Kulturzentrum Marschall 66 in Marl

Kai Ingmar Link,

Energetische Innendämmung mit Foamglas T3+ im Mauerwerksbau

Mit dem Projekt Marschall 66 in Marl erhält ein ehemaliges Schulgebäude aus der Nachkriegsmoderne neues Leben. Unter dem Leitgedanken „Dritter Ort“ entsteht ein multifunktionales Zentrum für Bildung, Kultur und Begegnung.

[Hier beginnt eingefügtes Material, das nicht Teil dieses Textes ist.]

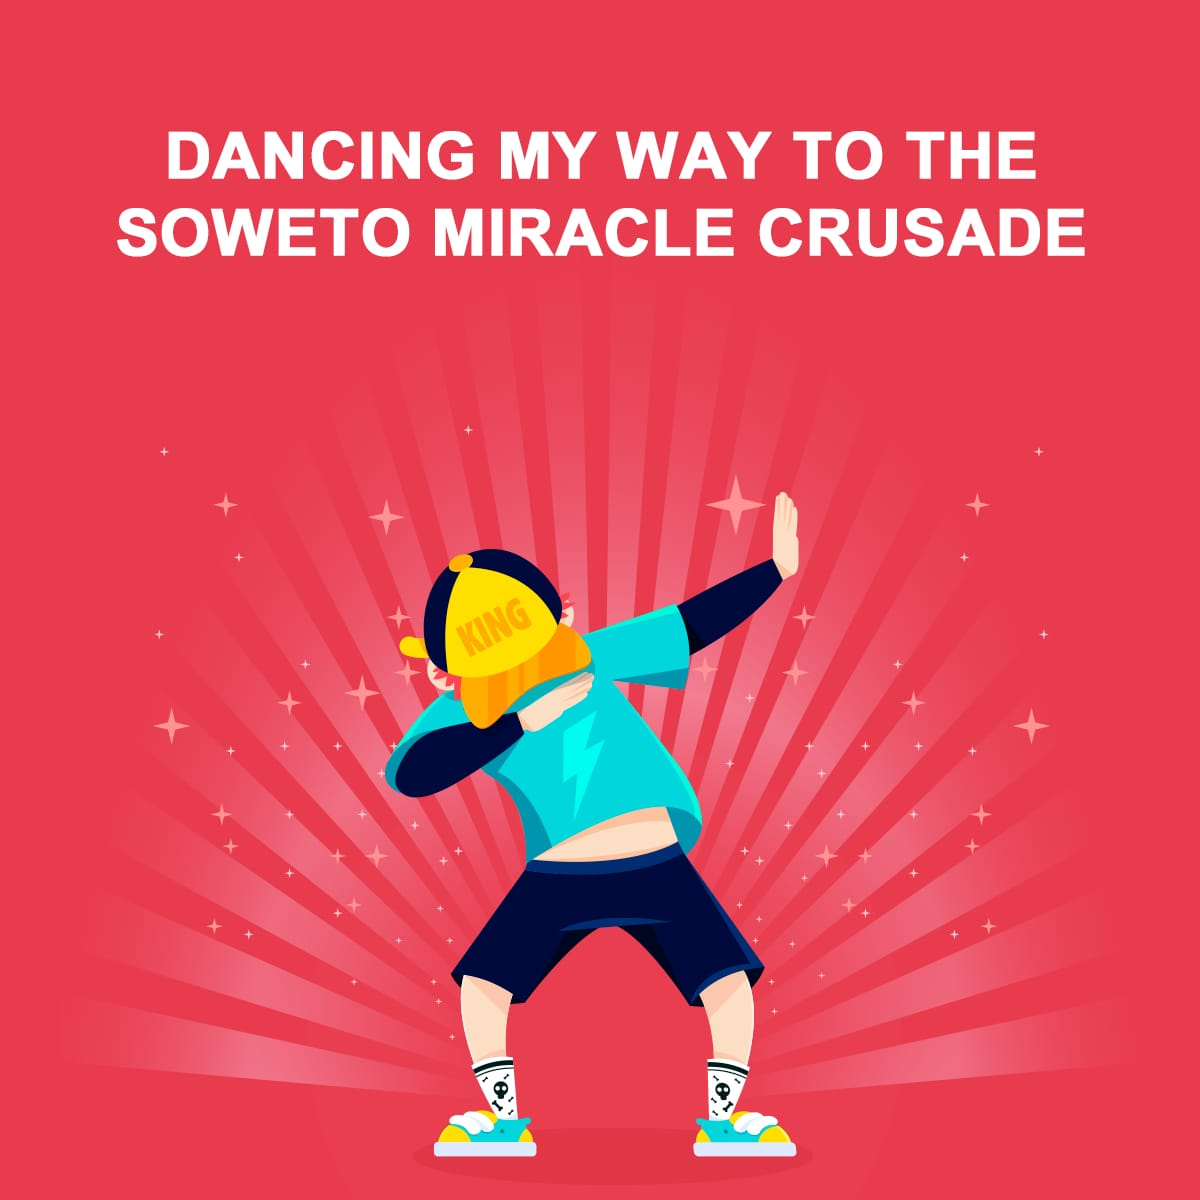 Dabbing moments 😄😄😄 @SMC! #SowetoMiracleCrusad

Marschall 66 wird künftig als „Dritter Ort“ vielfältige kulturelle und bildungspolitische Angebote vereinen. © Feja + Kemper Architekten

Das seit 2002 leerstehende Gebäude wird energetisch instand gesetzt – dabei kam die Innendämmung mit Foamglas T3+ zum Einsatz. Die Wahl fiel auf den diffusionsdichten, nichtbrennbaren Dämmstoff, da die Außenfassade aus Gründen des Denkmalschutzes unangetastet bleiben musste. So vereinen sich Baustoffe, Denkmalschutz und Energieeffizienz in einem nachhaltigen Sanierungskonzept.

Substanzgerecht sanieren: Foamglas T3+ im Einsatz

Ein ehemaliges Schulgebäude in Marl (NRW) wird im Rahmen des Integrierten Stadtentwicklungskonzepts ISEK 2030+ zu einem multifunktionalen Kultur- und Bildungszentrum umgebaut. © Susan Feind

Die energetische Sanierung von Bestandsgebäuden stellt hohe Anforderungen an Mauerwerksbau und Dämmung. Foamglas T3+ überzeugte durch bauphysikalische Sicherheit, mechanische Belastbarkeit und einfache Verarbeitung.

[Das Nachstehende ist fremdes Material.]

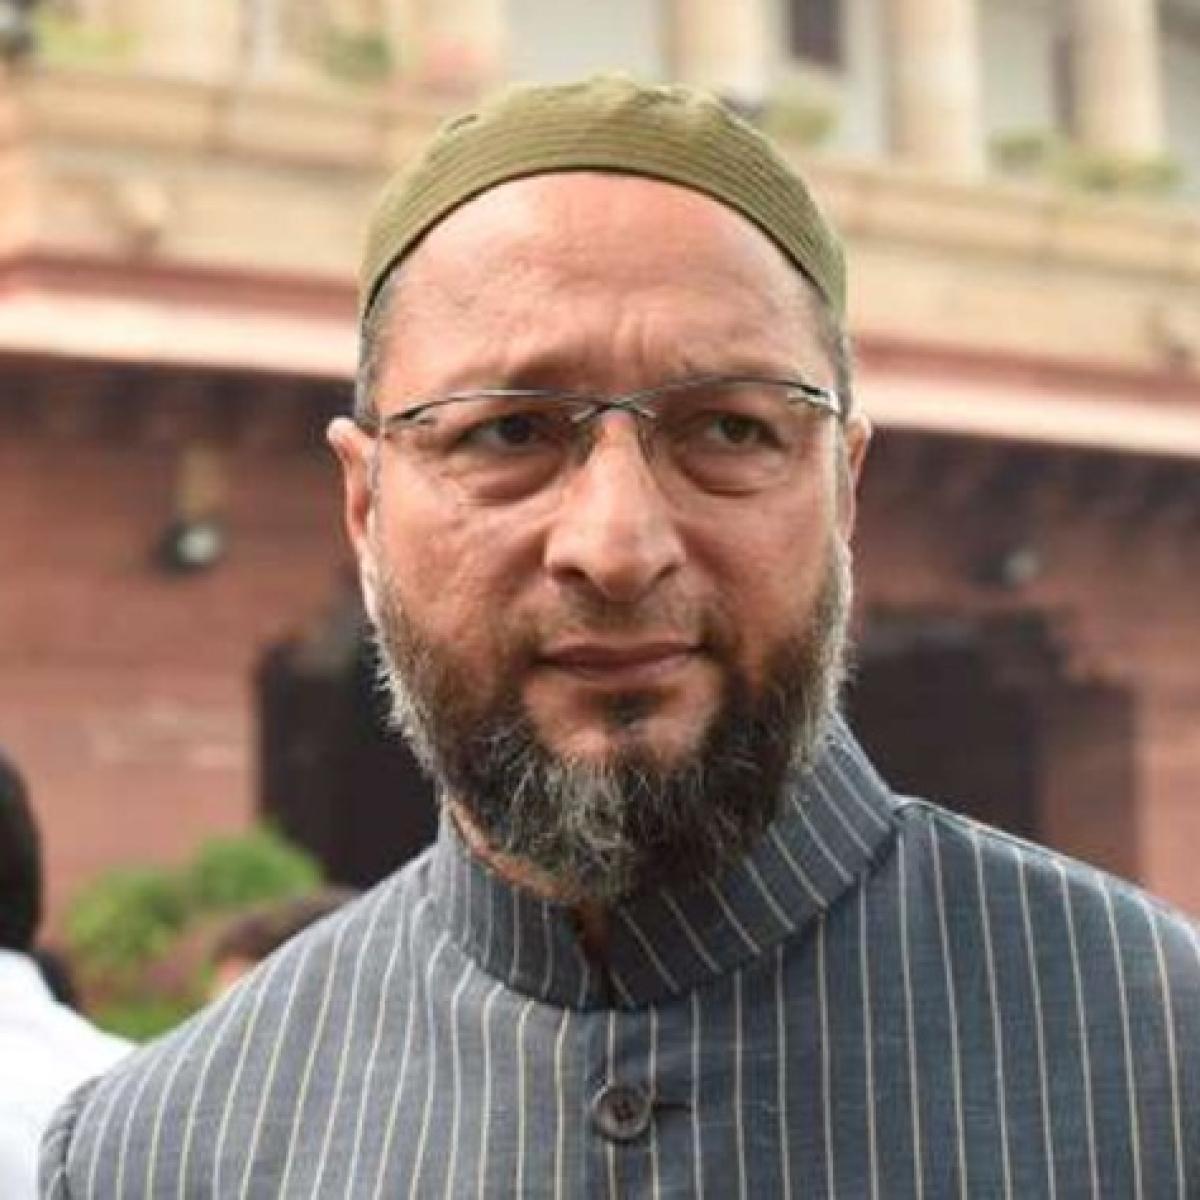 Shaheen Bagh may be turned into Jallianwala Bagh after Feb 8: Asaduddin Owaisi

Das seit 2002 leerstehende Nachkriegsmoderne-Gebäude zeichnet sich durch klare Linien sowie funktionale Architektur aus und erhält durch die Sanierung neues Leben. © Susan Feind

Insgesamt wurden 700 m² Wandflächen mit 80 mm starken Platten ausgestattet, weitere 430 m² in Fensterlaibungen und Unterzügen mit 40 mm Platten. Dank seiner diffusionsdichten Struktur schützt der Schaumglas-Dämmstoff das Mauerwerk zuverlässig vor Feuchtigkeit und Tauwasserbildung.

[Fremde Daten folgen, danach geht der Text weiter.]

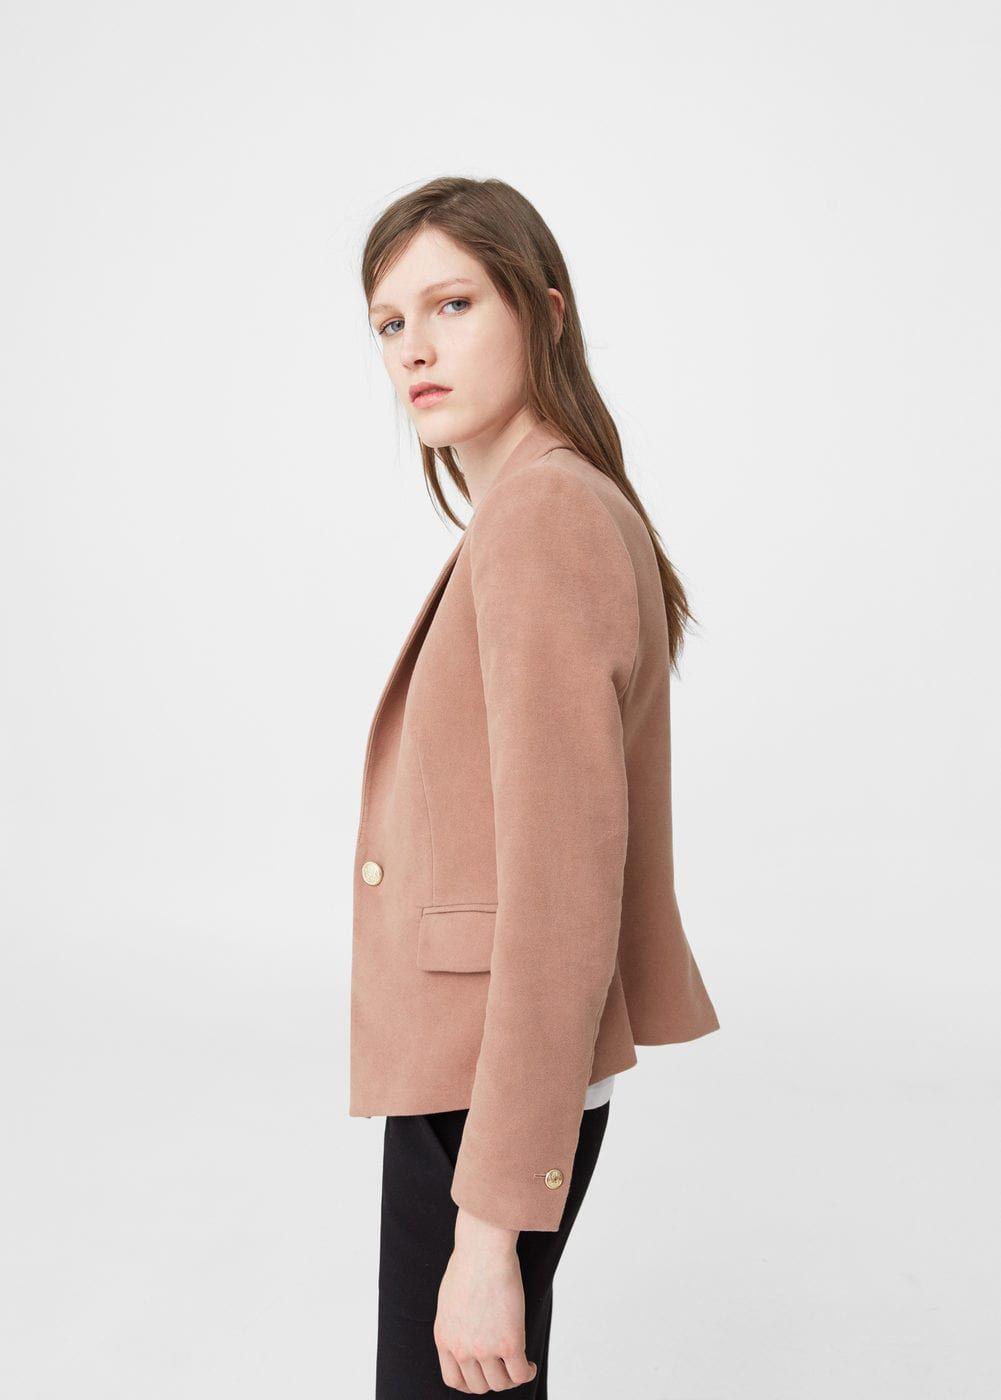 Structured Cotton Blazer Woman Mango Greece Cotton Blazer Blazers For Women Clothes

Mechanische Stabilität und Maßhaltigkeit

Der nichtbrennbare, diffusionsdichte Innendämmstoff Foamglas T3+ ermöglicht eine energetische Sanierung von innen unter Wahrung des Denkmalschutzes. © Foamglas

Foamglas T3+ zeichnet sich durch hohe Druckfestigkeit (≥500 kPa) und Formstabilität aus. Das Material bleibt temperatur- und feuchtebeständig, was präzise Verarbeitung selbst auf unebenen Bestandsflächen erlaubt. Die Plattengröße von 60 × 45 cm ermöglicht zudem einen schnellen Baufortschritt bei hoher Ausführungsqualität.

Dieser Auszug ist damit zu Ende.